Gelet op vorengenoemde landbouwactiviteiten is verweerder er naar het oordeel van het College niet in geslaagd om te motiveren dat de betreffende percelen volledig dienen te worden aangemerkt als bermen. Ter zitting heeft verweerder gesteld geen onderscheid te maken tussen een smalle strook grenzend aan de weg en de breedte van het volledige perceel, zelfs indien het zou gaan om een perceel van 20 meter breed. Verweerder acht blijkbaar het enkele feit dat sprake is van grond die grenst aan een weg voldoende om te kunnen spreken van een berm. Naar het oordeel van het College kan een perceel grond niet reeds omdat het direct naast een weg is gelegen en ongeacht zijn afmeting loodrecht op de lengte van de weg, geacht worden in zijn geheel hoofdzakelijk een verkeerskundige of infrastructurele functie te hebben en dus kennelijk niet voor de uitvoering van de landbouw gebruikt of beschikbaar gehouden te worden. Aan de door verweerder aangehaalde definitie in de Wegenverkeerswet komt geen betekenis toe, omdat hierin slechts is aangegeven dat een berm tot de weg behoort. De vraag of en tot waar een perceel als berm dient te gelden wordt hiermee niet beantwoord. Indien aanwijsbaar is dat ander gebruik plaatsvindt, zal dit onder ogen moeten worden gezien. Dit betekent dat verweerder afhankelijk van de situatie ter plaatse zal moeten beoordelen waarom en in hoeverre de landbouwactiviteiten van appellant op de percelen noemenswaardige hinder ondervinden van de intensiteit, de aard, de duur en de planning van de verkeerskundige en infrastructurele functie.

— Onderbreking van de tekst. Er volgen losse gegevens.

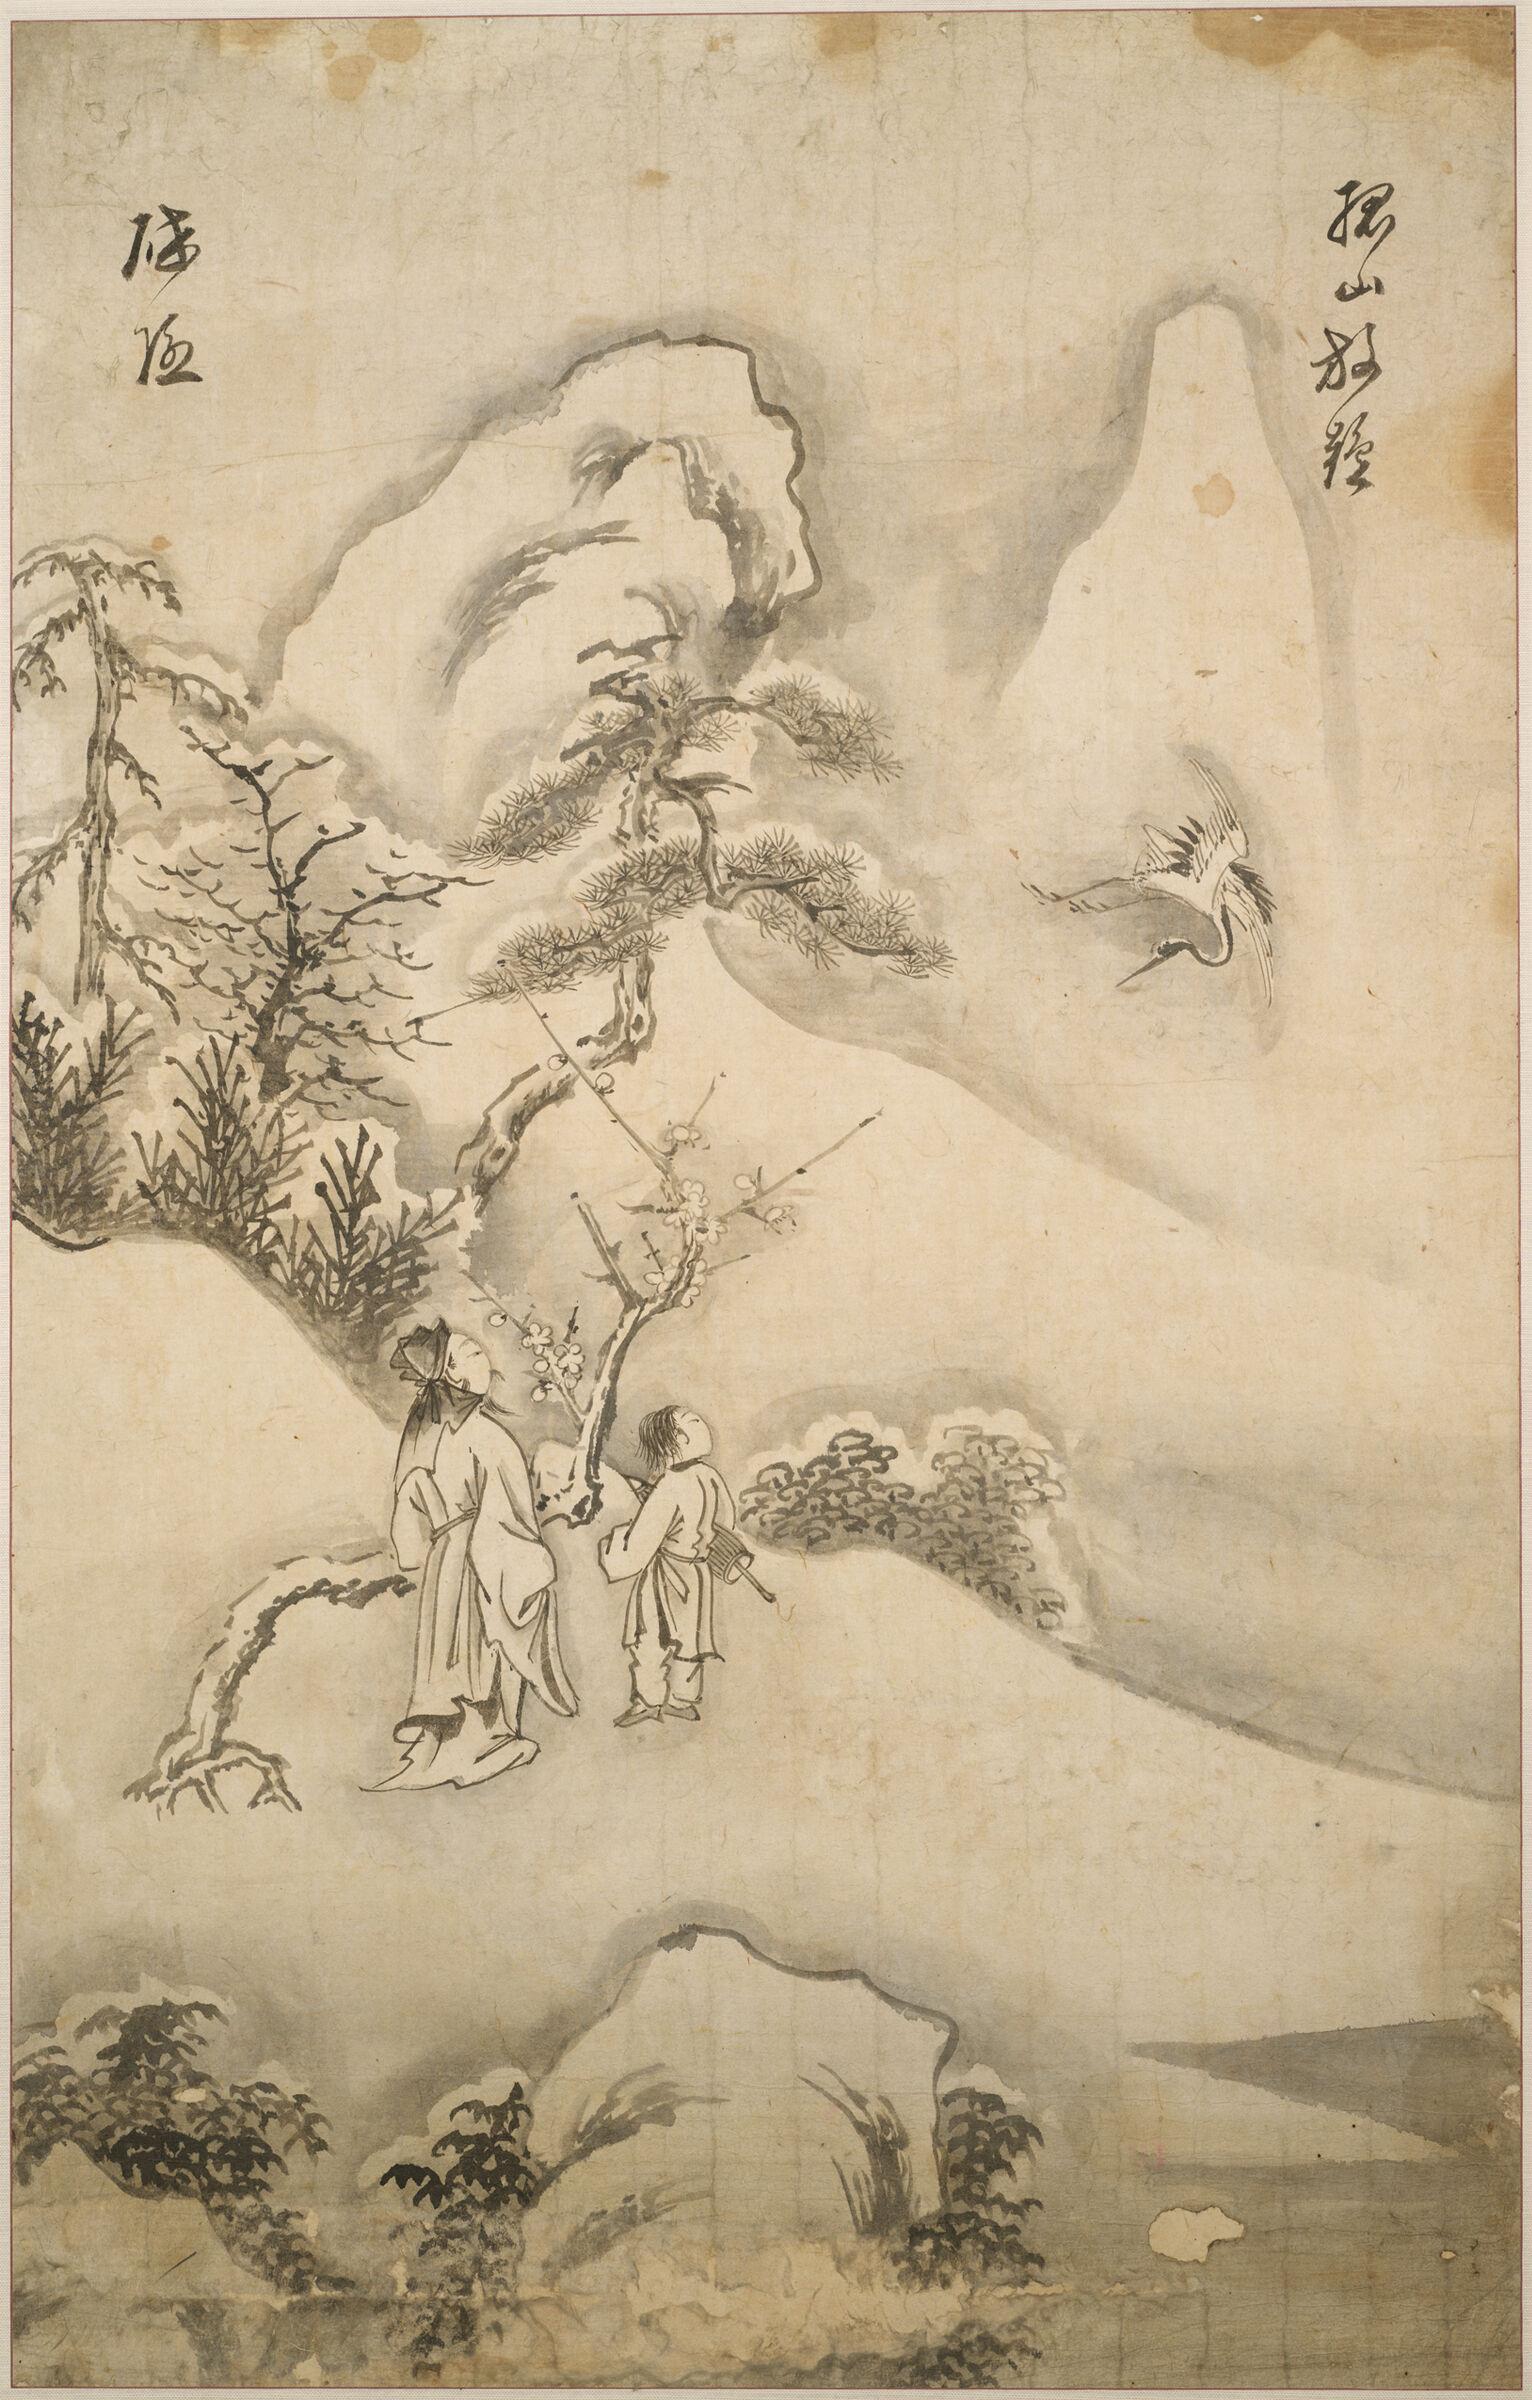 The Recluse Lin Bu (967-1028) Releasing Cranes At Mount Gu

In het algemeen lijkt dergelijke hinder minder goed voorstelbaar naar mate het perceel breder is en de grond verder van de weg af is gelegen.
7.1
Gelet op het vorenstaande is het bestreden besluit genomen in strijd met het motiveringsbeginsel zoals vastgelegd in artikel 7:12, eerste lid, van de Algemene wet bestuursrecht (Awb). Het voorgaande betekent dat het beroep op dit punt slaagt en dat het bestreden besluit dient te worden vernietigd.
Het College zal niet zelf in de zaak voorzien, nu op grond van het dossier niet kan worden vastgesteld in hoeverre de opgegeven percelen in overwegende mate voor landbouwactiviteiten in gebruik zijn.
7.2
Toepassing van een bestuurlijke lus is in dit geval niet aangewezen. Aangezien er meerdere zaken met dezelfde rechtsvraag, maar met verschillende feitenconstellaties bij het College aanhangig zijn, acht het College het raadzaam dat de coördinatie van de nieuw te nemen beslissingen in al deze procedures bij verweerder berust. Verweerder zal, gelet op het voorgaande, een nieuw besluit moeten nemen met inachtneming van deze uitspraak. Het College stelt hiervoor een termijn van drie maanden.
7.3 Voor een proceskostenveroordeling bestaat geen aanleiding.

Beslissing

Het College:
  • verklaart het beroep gegrond;
  • vernietigt het bestreden besluit;
  • draagt verweerder op binnen drie maanden na de dag van verzending van deze uitspraak een nieuw besluit te nemen op het bezwaar met inachtneming van deze uitspraak;
  • draagt verweerder op het door appellant betaalde griffierecht van € 160,-- te vergoeden;
Deze uitspraak is gedaan door mr. C.J. Waterbolk, in aanwezigheid van mr. L.C. Bannink, griffier. De beslissing is in het openbaar uitgesproken op 16 juni 2014.